We start walking toward the commercial corridor. The gravel crunches under our boots. I bump her shoulder back as we walk, and she doesn't pull away.
We cut through the corridor while she points out nodes and sightlines, and I start seeing the story in geometry instead of shots.
We move to the fabrication shop loading zone. Sam stops, scans the empty concrete pad, then walks ten paces east and turns back toward the street.
"The loading zone isn't dead space," she says. "Workers cut through here to get to lunch." She traces the invisible path with her hand. "If you shoot from the east corner looking west, you'll catch the bottleneck where people have to weave around the delivery trucks."
I frown, lower my camera. "That's going to look like congestion. Castellano wants efficiency."

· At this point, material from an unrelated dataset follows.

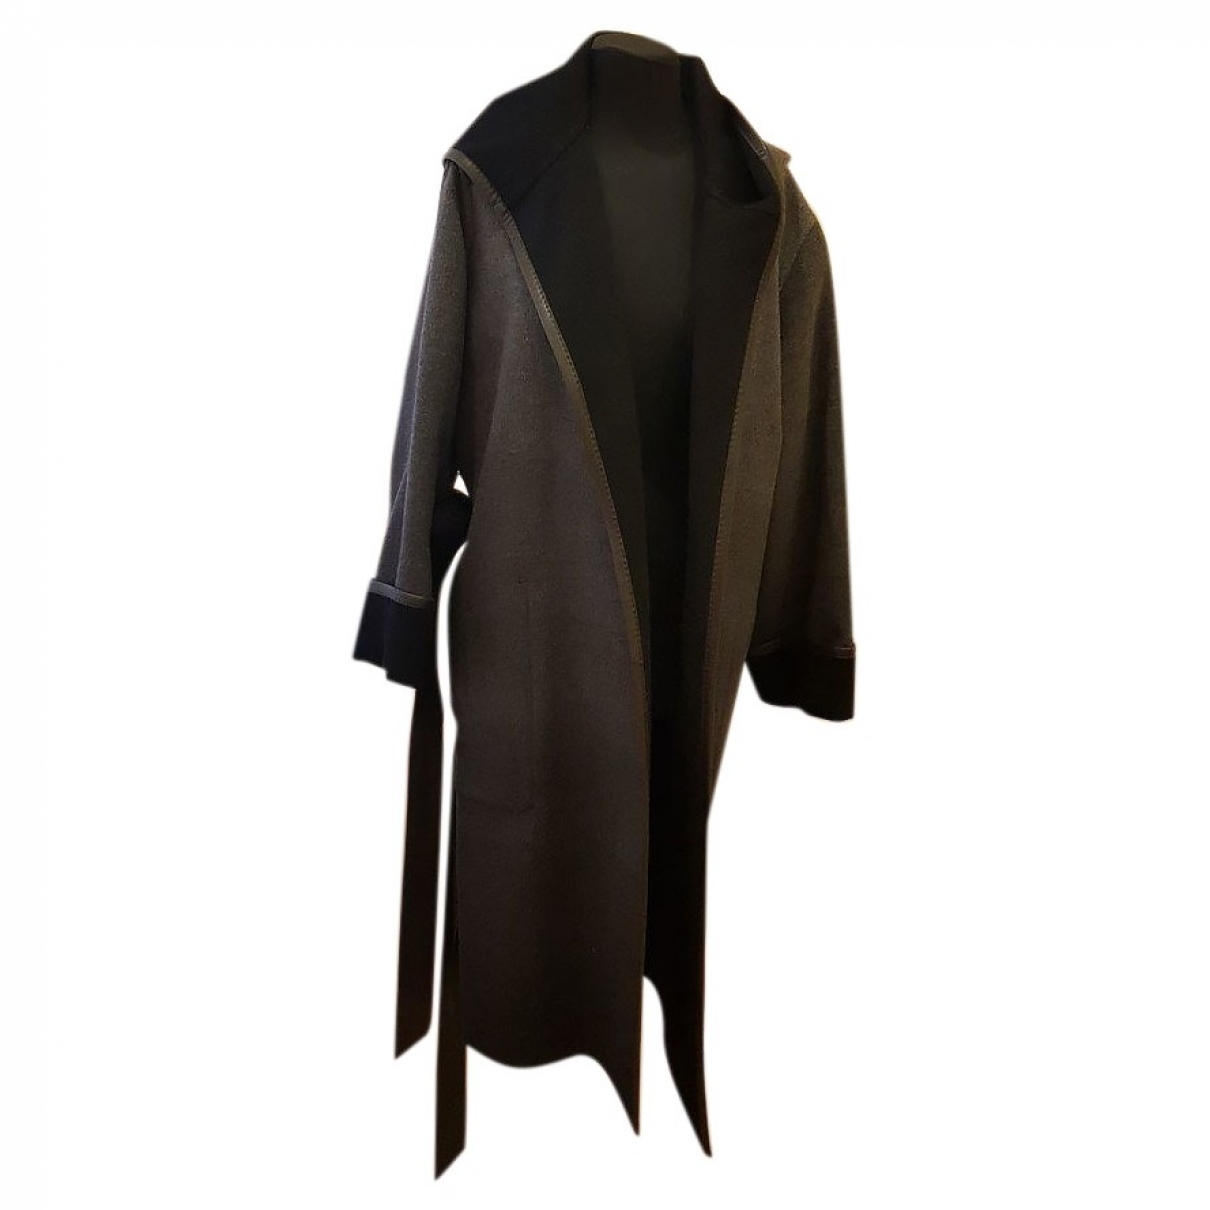 Hermès \N Grey Cashmere coat for Women 36 FR

"It is efficient." She walks back toward me. "The design forces interaction. Slows people just enough to see the storefronts."

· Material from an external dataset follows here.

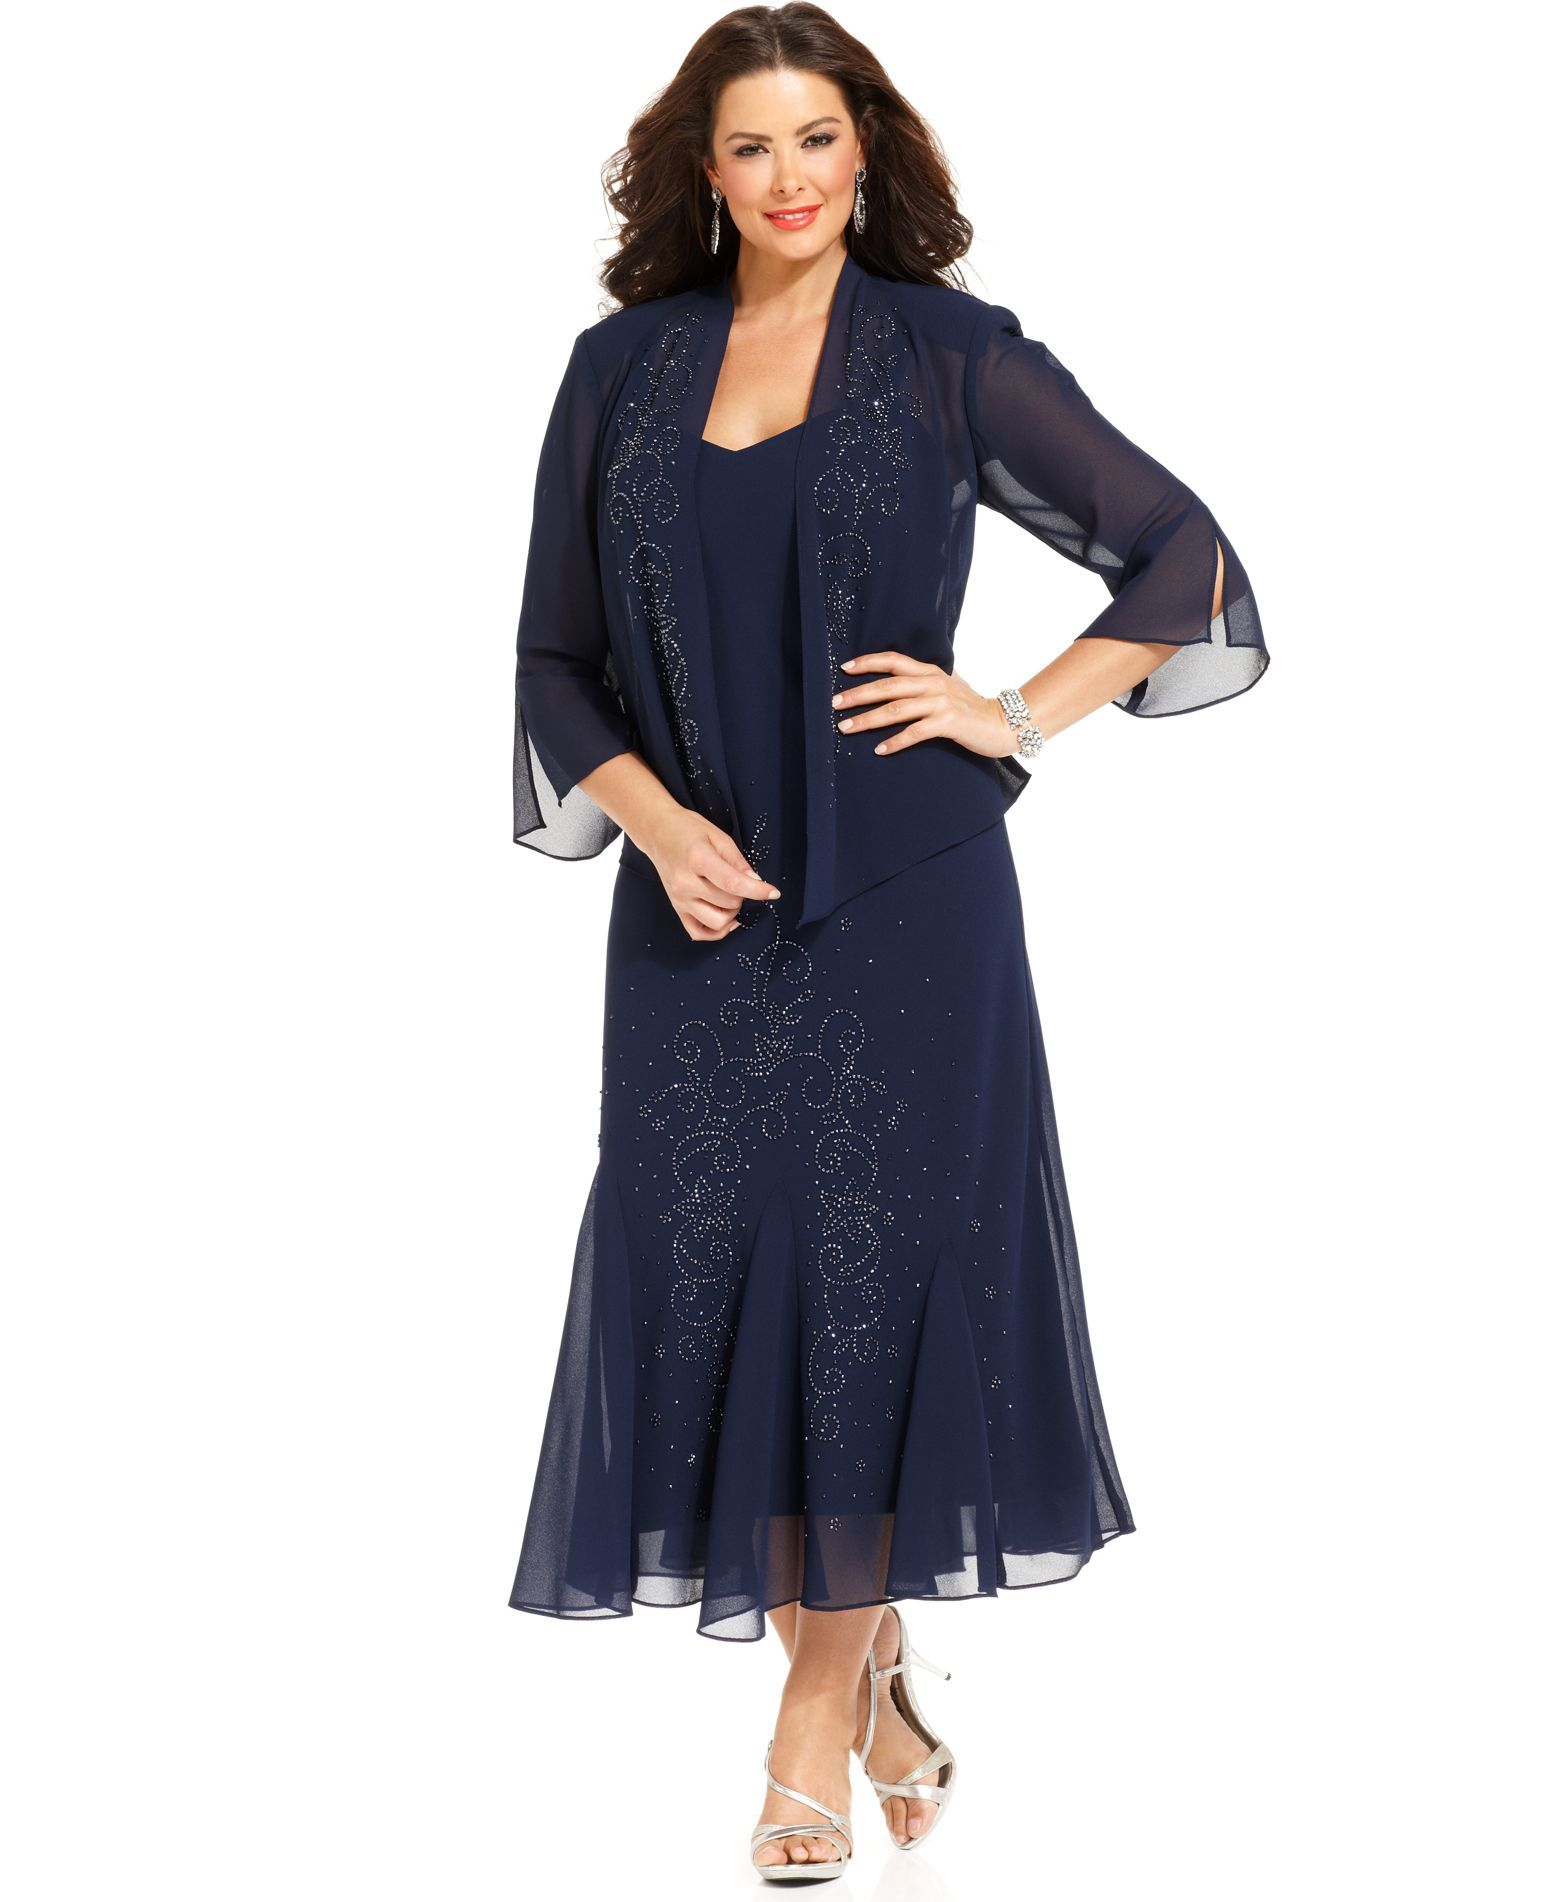 R&M Richards Plus Size Beaded V-Neck Dress and Jacket | Starry ...

I look through the viewfinder again. Frame the angle she's describing. I adjust my position. Crouch lower. The perspective shifts.
"There," I say quietly.
Sam steps closer, looks over my shoulder at the framing. "Yeah. That's it."
I shoot the sequence. Wide establishing shot, then tighter on the passage, then a third angle showing the retail corridor in the background.
When I lower the camera, Sam's still standing next to me.
"I was going to shoot this straight-on," I say. "Show the loading zone as functional space. It would've been clean, but it wouldn't have told the story."
"And I wouldn't have known the light was better from this angle." She picks up her coffee from where she set it on a sawhorse. "That's why we're both here."
***
By 10:45, we're back in the site office. Sam scrolls through the images. "This is exactly what Castellano needs."
"That was your idea."
"You framed it."
She looks at me. "That's what partners do."
Sam closes the laptop. "You want to grab lunch before we both have to dive back into work?"
I don't hesitate. "Let’s go.”
We both order pastrami on rye and sit in a booth in the back corner. We eat without talking about the presentation.
When we're done, Sam gathers her coat. "I'll see you Monday?"
"Yeah. Monday."
On the sidewalk, she turns to face me, "Thanks for not texting me."
I smile. "Thanks for coming today.”
She disappears into the crowd. I adjust the strap on my camera bag and start walking.
We’ve gotten good at this when it’s just us.
It doesn’t feel fragile anymore.
What happens when it isn’t just us anymore?